Question

Find the ratio in which the line $ 2x + 3y - 5 = 0 $ divides the line segment joining the points $ \left( {8, - 9} \right) $ and $ \left( {2,1} \right) $ . Also find the coordinates of the point of division.

Answer 1

Hint: In the given problem, we are asked to find the ratio and co-ordinates of the point of division such that the line $ 2x + 3y - 5 = 0 $ divides the line segment joining the points $ \left( {8, - 9} \right) $ and $ \left( {2,1} \right) $ . In order to find the ratio we will use a section formula.

Complete step by step solution:
In this given problem, the line of equation is $ 2x + 3y - 5 = 0 $ . Let $ A\left( {{x_1},{y_1}} \right) = \left( {8, - 9} \right) $ and $ B\left( {{x_2},{y_2}} \right) = \left( {2,1} \right) $ be the end points of line segment $ AB $ and $ P\left( {x,y} \right) $ be the point of division of line segment joining the $ AB $ .

Let us assume that the ratio in which $ P $ divides $ AB $ is $ m:n = k:1 $ . Therefore, by using section formula coordinates of $ P $ is
 $
  P\left( {x,y} \right) = \left( {\dfrac{{m{x_2} + n{x_1}}}{{m + n}},\dfrac{{m{y_2} + n{y_1}}}{{m + n}}} \right) \\
   \Rightarrow P\left( {x,y} \right) = \left( {\dfrac{{2k + 8}}{{k + 1}},\dfrac{{k - 9}}{{k + 1}}} \right) \;
  $
We know that $ P $ lies on the line $ 2x + 3y - 5 = 0 $ . Hence it will satisfy the equation of line. Therefore, we can write
 $
  2\left( {\dfrac{{2k + 8}}{{k + 1}}} \right) + 3\left( {\dfrac{{k - 9}}{{k + 1}}} \right) - 5 = 0 \\
   \Rightarrow 2\left( {\dfrac{{2k + 8}}{{k + 1}}} \right) + 3\left( {\dfrac{{k - 9}}{{k + 1}}} \right) = 5 \\
  $
Now we take $ \dfrac{1}{{k + 1}} $ common in the left hand side of the equality sign and then multiplied both sides by $ k + 1 $ . Then, we get
 $ 2\left( {2k + 8} \right) + 3\left( {k - 9} \right) = 5\left( {k + 1} \right) $
Let us simplify the above equation and find the value of $ k $ . Therefore, we can write
 $
  4k + 16 + 3k - 27 = 5k + 5 \\
   \Rightarrow 4k + 3k - 5k = 5 + 27 - 16 \\
   \Rightarrow 2k = 16 \\
   \Rightarrow k = \dfrac{{16}}{2} \\
   \Rightarrow k = 8 \;
  $
Let us put $ k = 8 $ in $ P\left( {x,y} \right) = \left( {\dfrac{{2k + 8}}{{k + 1}},\dfrac{{k - 9}}{{k + 1}}} \right) $ . Therefore, we get $ P\left( {x,y} \right) = \left( {\dfrac{{24}}{9}, - \dfrac{1}{9}} \right) $
Therefore, we can say that the ratio in which the line $ 2x + 3y - 5 = 0 $ divided the line segment joining the point $ \left( {8, - 9} \right) $ and $ \left( {2,1} \right) $ is $ k:1 = 8:1 $ and coordinates of point $ P $ is given by $ \left( {x,y} \right) = \left( {\dfrac{{2k + 8}}{{k + 1}},\dfrac{{k - 9}}{{k + 1}}} \right) = \left( {\dfrac{{24}}{9},\dfrac{{ - 1}}{9}} \right) $ .
So, the correct answer is “ $ \left( {\dfrac{{24}}{9},\dfrac{{ - 1}}{9}} \right) $ .”

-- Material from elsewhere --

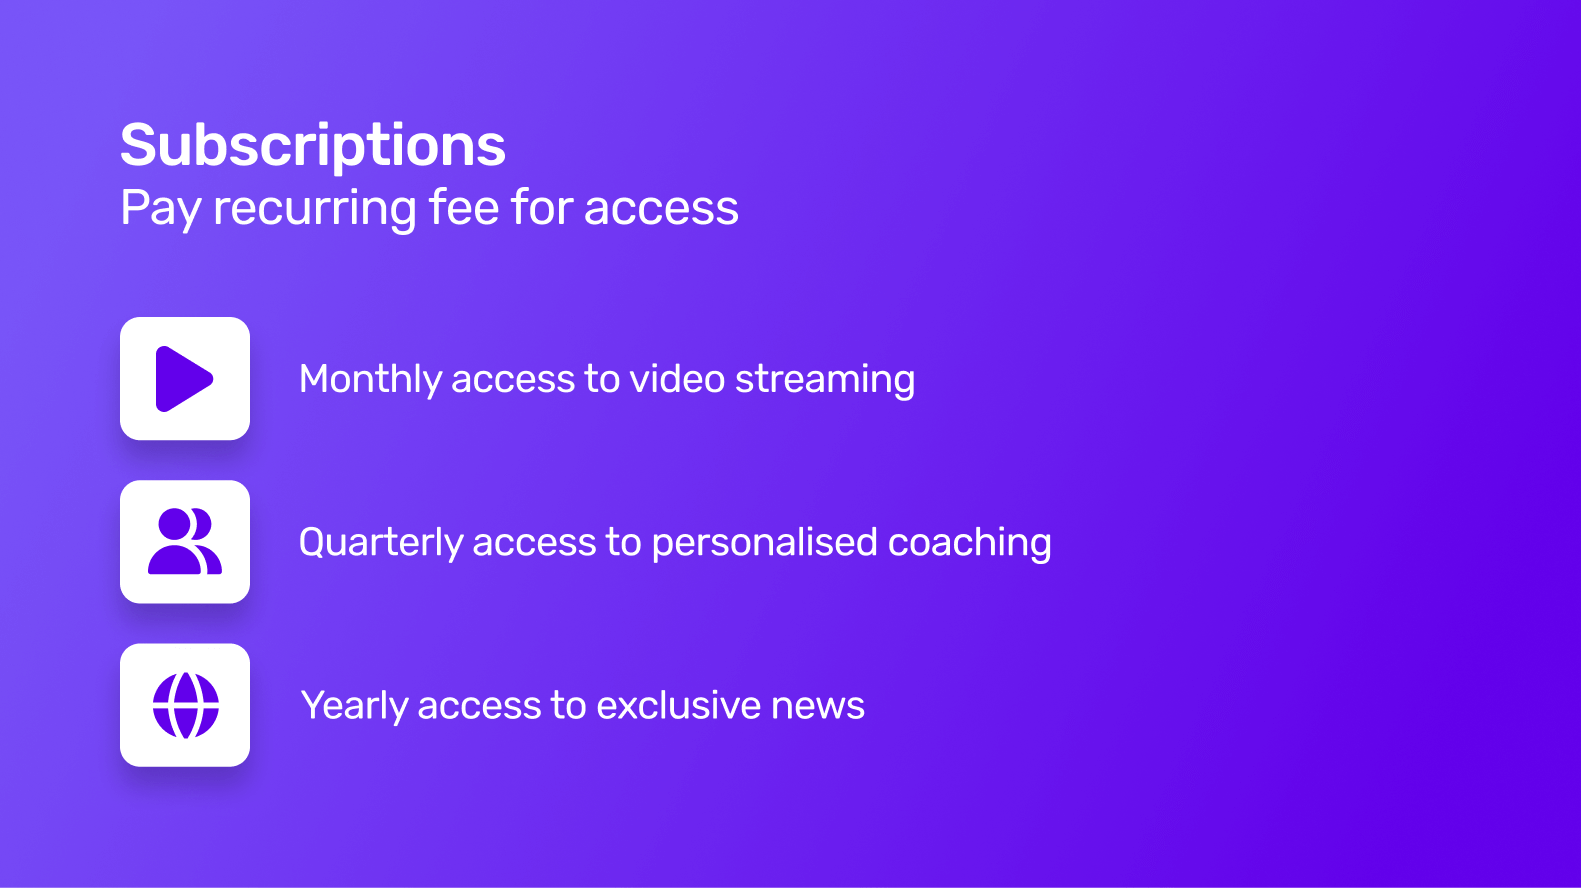 Subscription (pay a recurring fee for access) as a type of in-app purchase, listing monthly access to video streaming, quarterly access to personalised coaching and yearly access to exclusive news stories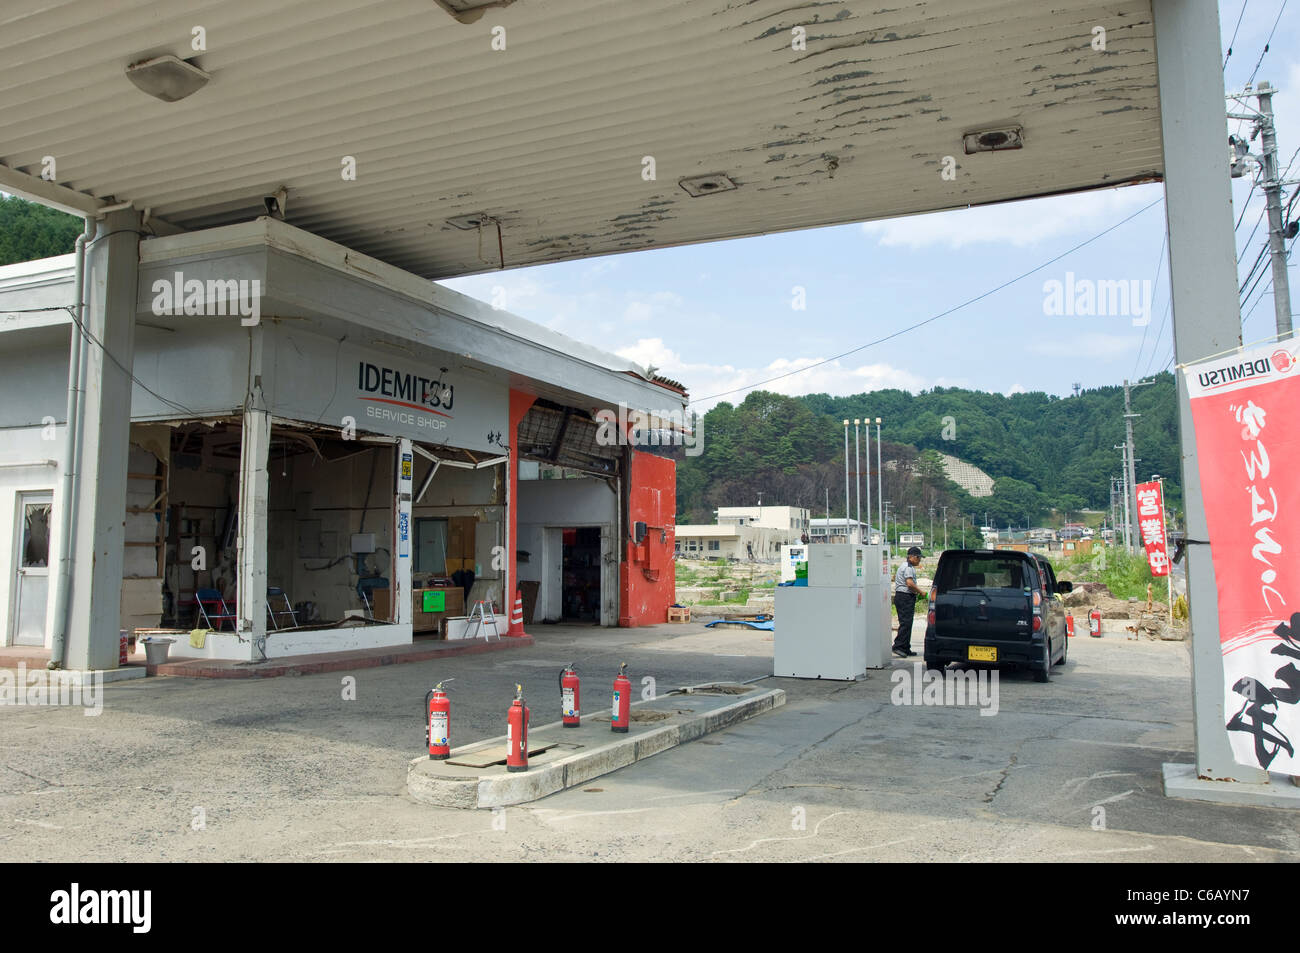 Image of a tsunami damaged but functioning gas station in the town of Taro, Iwate, Japan Stock Photo

Note: According to the section formula, the coordinates of the point $ P\left( {x,y} \right) $ which divides the line segment joining the point $ A\left( {{x_1},{y_1}} \right) $ and $ B\left( {{x_2},{y_2}} \right) $ in the ratio $ {m_1}:{m_2} $ internally, is $ \left( {\dfrac{{{m_1}{x_1} + {m_2}{x_2}}}{{{m_1} + {m_2}}},\dfrac{{{m_1}{y_1} + {m_2}{y_2}}}{{{m_1} + {m_2}}}} \right) $ . Then by using this ratio we will find the coordinates of the point of division. If the midpoint of a line segment divides the line segment in the ratio $ 1:1 $ then the coordinates of the mid-point $ P $ is $ \left( {\dfrac{{{x_1} + {x_2}}}{2},\dfrac{{{y_1} + {y_2}}}{2}} \right) $ .